Here is the problem:
"A plane, whose normal (directed away from the origin) is at an angle α to the z axis, and whose perpendicular distance to the origin is a, is intersected by the sphere $ x^2 + y^2 + z^2 = R^2$ along the circle C. The direction of C is positive relative the outward normal of the sphere on the part of the sphere with the greater surface area. Calculate the integral.
$$\oint_c \bar{A} • d\bar r$$
Where $A = (3xz + a(z + x))\bar x+ (3xz + a(z-x))\bar y + (3xy + a(x+y))\bar z$ "

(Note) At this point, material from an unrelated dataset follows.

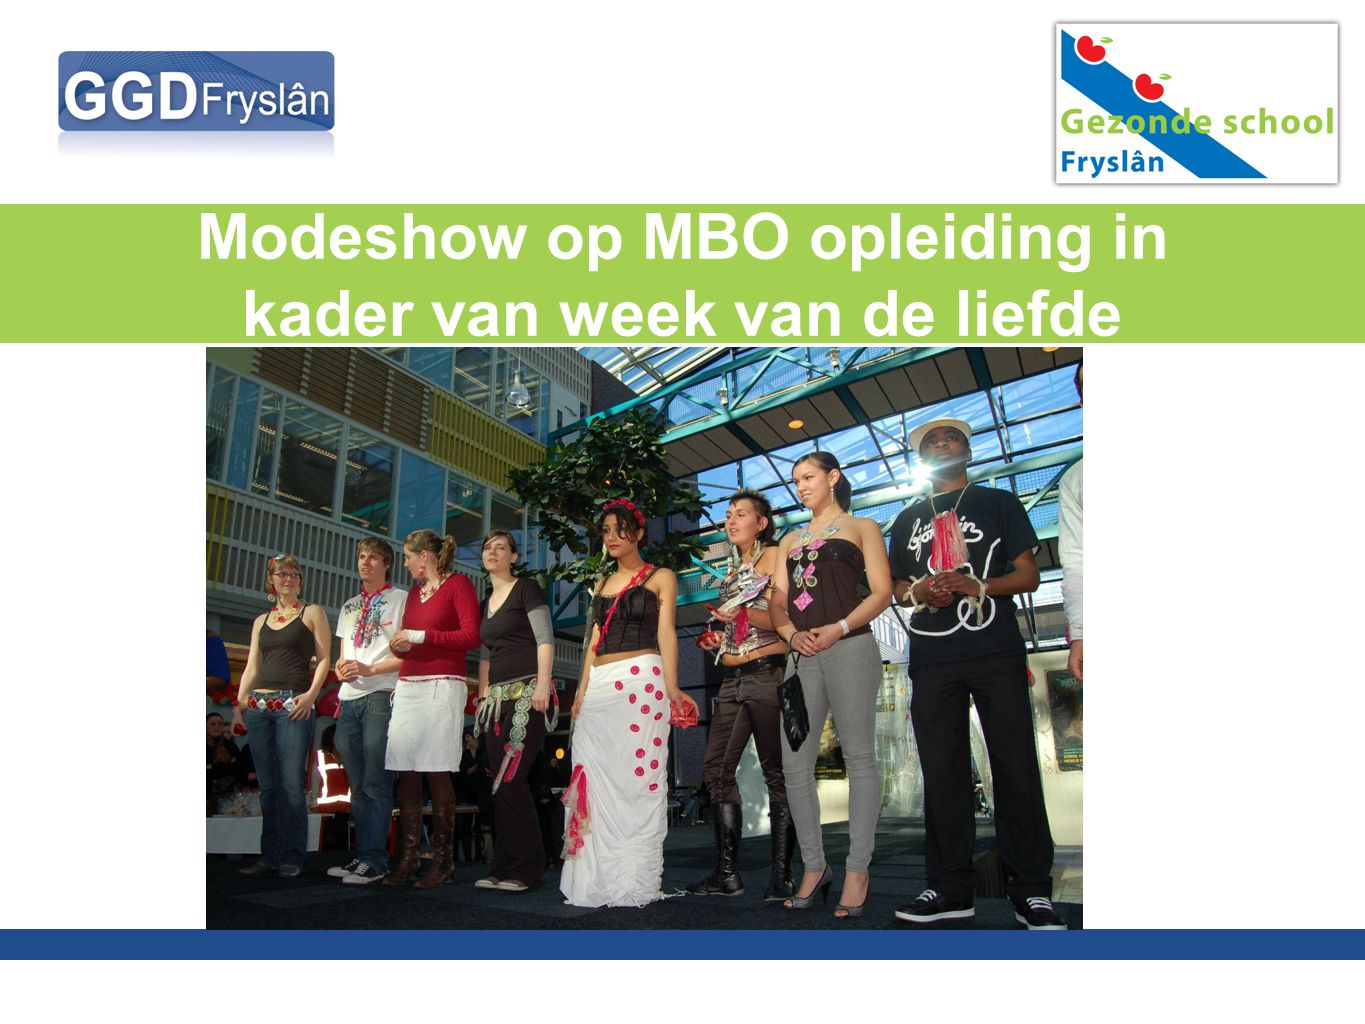 Modeshow op MBO opleiding in kader van week van de liefde

I know that for this we use stokes theorem so we get:
$$\nabla \times \bar A = -2a \bar z$$
So we get $$\oint_c \bar{A} • d\bar r = \iint \nabla \times \bar A • d\bar S = \iint -2a \bar z•\hat n dS $$
So in the solution is says $$ \bar z•\hat n =-cos\alpha $$
So if I understood this part I would be able come to the solution my self. Lets say we instead have $$ \bar y •\hat n = ? $$ $$ \bar x •\hat n = ? $$ What would we get instead of questionmark?
I am simply not understanding the dot product of the vector with the normal. I wish someone can explain this to me so that I may understand it.